Мамами в станицах уважительно звали тигров. Кто-то когда-то придумал это уважительное прозвище, и оно осталось, уцелело во времени, дожило до сих пор. Калмыков глянул в одну сторону, потом в другую. В душном стоячем воздухе крутилась мошкара — рябило перед глазами этакое живое неприятное пшено, спускалось к земле, стригло траву, потом вспархивало вверх, под ветки деревьев, мельтешило там несколько минут, затем начинало вновь опускаться вниз.
Тревожно было в тайге.
Возможно, Куренев прав — не исключено, где-то рядом крутится мама, наблюдает за ними, выбирает момент, когда можно будет напасть на людей. Пахло чем-то кислым, гнилым, запах этот щекотал ноздри, на кончики ресниц наползали мелкие, рожденные раздражением слезы.
— Пойдемте, пойдемте, господи подъесаул, — напарник ухватил Калмыкова за рукав, потянул, — пойдемте отсюда. Крик, который я слышал, — нехороший.
Калмыков растянул рот в насмешливой улыбке.
— Что ты говоришь, Гриня! Испугался, что ль?
— Нет, не испугался. Но разобраться, что это за дребедень, надо. Кто кричал, почему мороз по коже ползет, почему делается не по себе?
Что-то тут, господин подъесаул, не то…
Они прошли метров двадцать, врубились в бурелом, и Куренев вновь остановился. В угрожающем движении выставил перед собой ствол карабина. Повернул к Калмыкову голову.
— Слышали что-нибудь, Иван Палыч?
— Нет, — тот отрицательно качнул головой.
— Может, мне померещилось?
— Всякое может случиться, — лицо у Калмыкова сделалось насмешливым.
Куренев вытянул шею.
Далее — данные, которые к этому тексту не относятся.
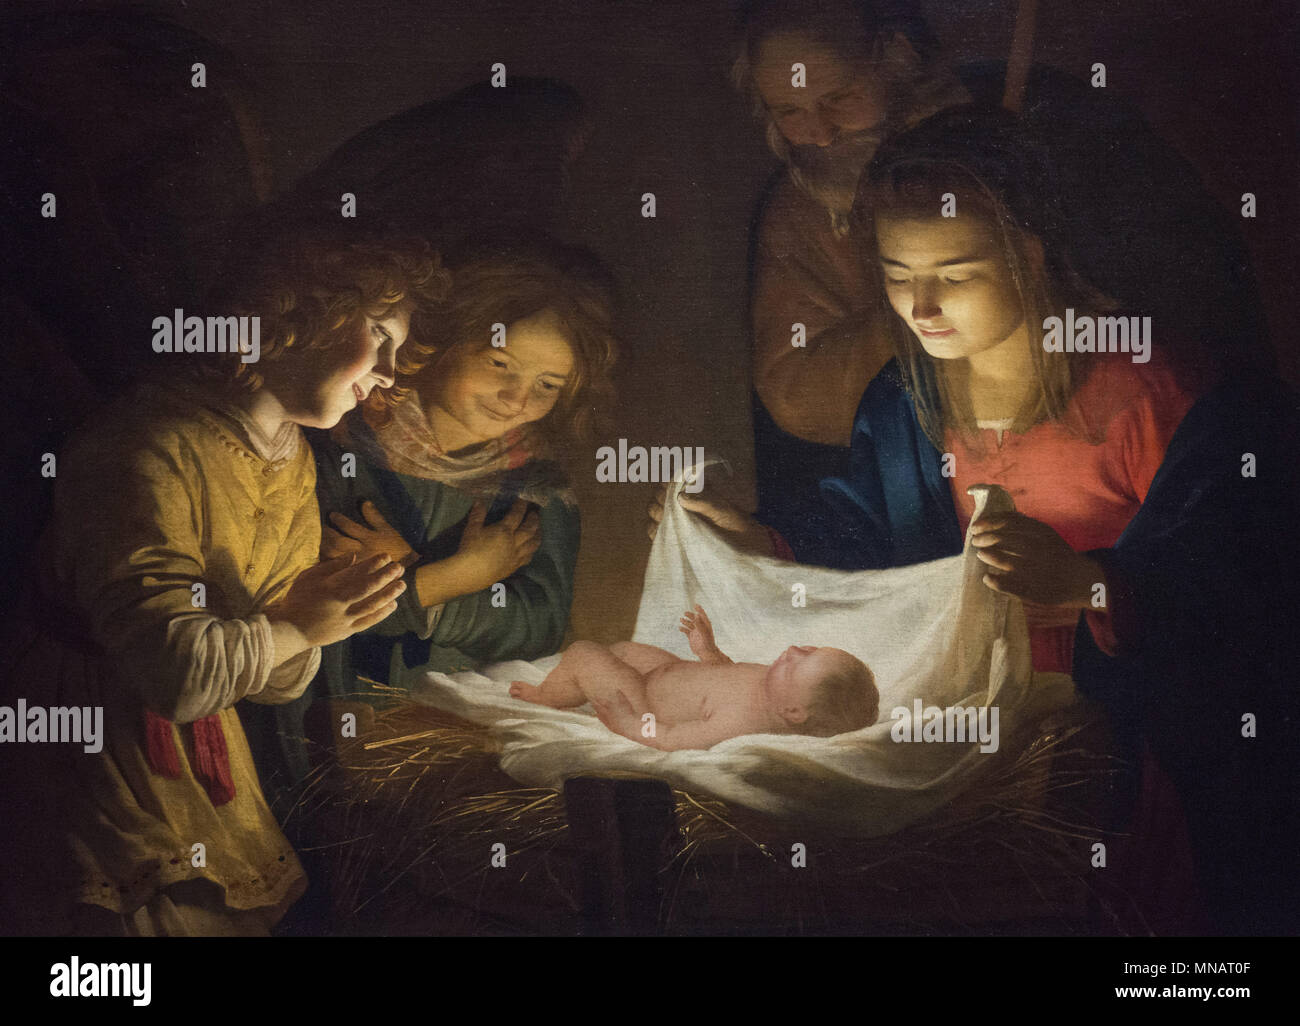 GHERARDO DELLE NOTTI - Adoration of the Child - c. 1619 - Uffizi Gallery - Galleria degli Uffizi Stock Photo

Невдалеке по траве проскакала белка, звонко цокнула, затем, вцепившись когтями в кору дерева, понеслась вверх. Вновь звонко и зло цокнула. Низко, петляя между стволами, пронеслась небольшая хищная птица, с лету сшибла какую-то невзрачную птаху, резко устремилась под кроны деревьев, оттуда вновь спикировала вниз, подхватила птаху цепкими лапами и растворилась в горячем сером сумраке. Куренев, не двигаясь, продолжал слушать пространство.
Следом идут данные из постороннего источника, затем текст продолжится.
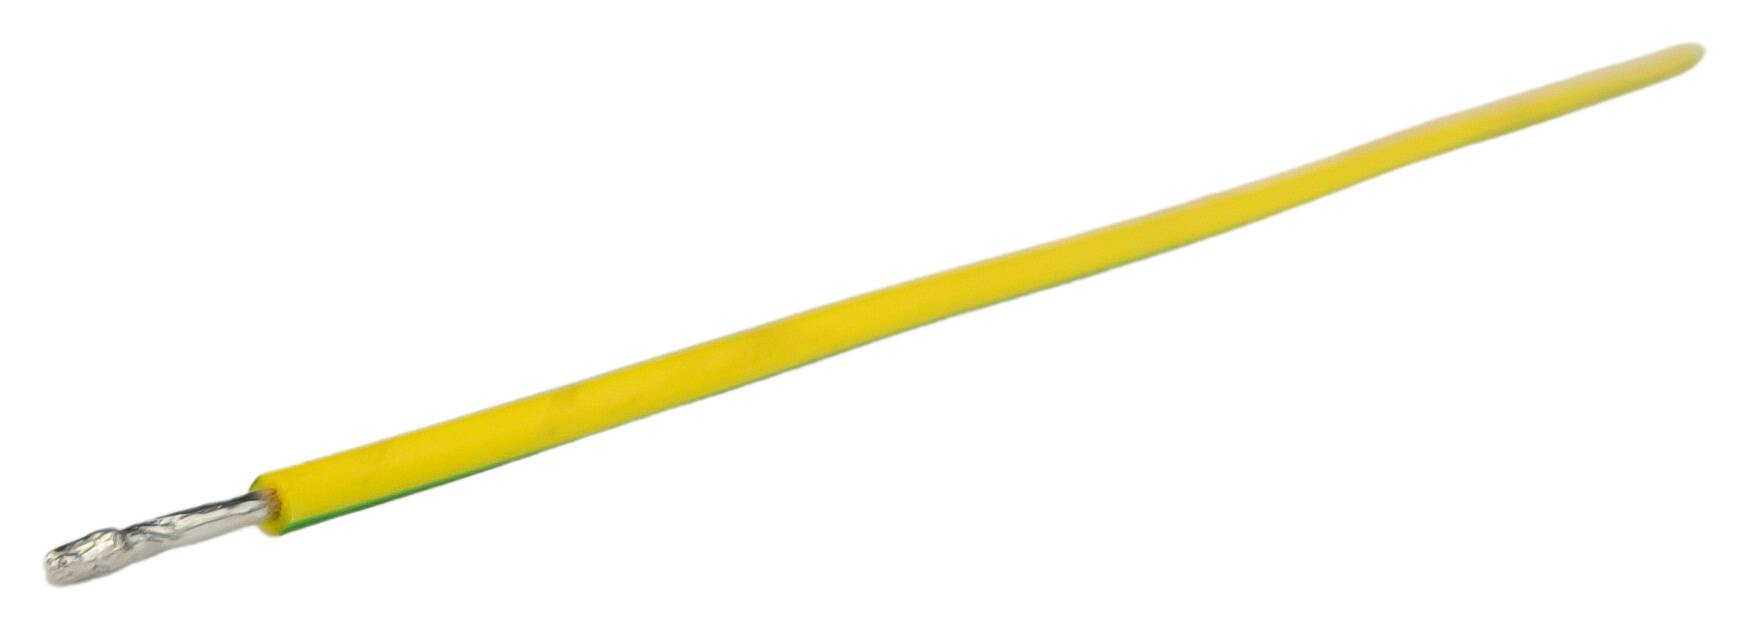 Litzen-Zuschnitt 1x1,50 halogenfrei 600 mm 11/11 verdrillt+verzinnt grün-gelb

Было тихо. Тайга всегда бывает наполнена громкими звуками, птичьими криками, пением, зверушечьим шебуршанием, свиристением, шипением и стонами; у каждого существа — свой голос и свой язык, все сливается в единый хор, а тут — ничего… Ничего, кроме отдельных звуков. Словно бы в тайге угасла жизнь.
Ну? — поинтересовался Калмыков.
— Приблизилось, — неуверенно проговорил Куренев.
Ощущение тревоги не проходило. Скорее, наоборот, — оно нарастало.
— Не пойму что-то, — беззвучно, будто немой, зашевелил губами Куренев, — неужто приблизилось?
Они стояли молча минуты три. Неожиданно из замусоренной глубины леса, из темной чащи, до них донесся протяжный стон, прервался, затем раздался вновь. Куренев ощутил, как по коже у него пополз холод, а хребет сделался влажным от пота. Калмыков также вытянул голову.
Будучи человеком взрывным, со сложным характером, — иногда характер этот доводил подъесаула до бешенства, — в минуты опасности Калмыков делался спокойным и холодным, как кусок льда, наливался силой и готов был часами рубиться с неприятелем. Лицо у него побелело, под глазами образовались сизые тени, желваки напряглись. Калмыков нагнул голову, будто боксер на ринге.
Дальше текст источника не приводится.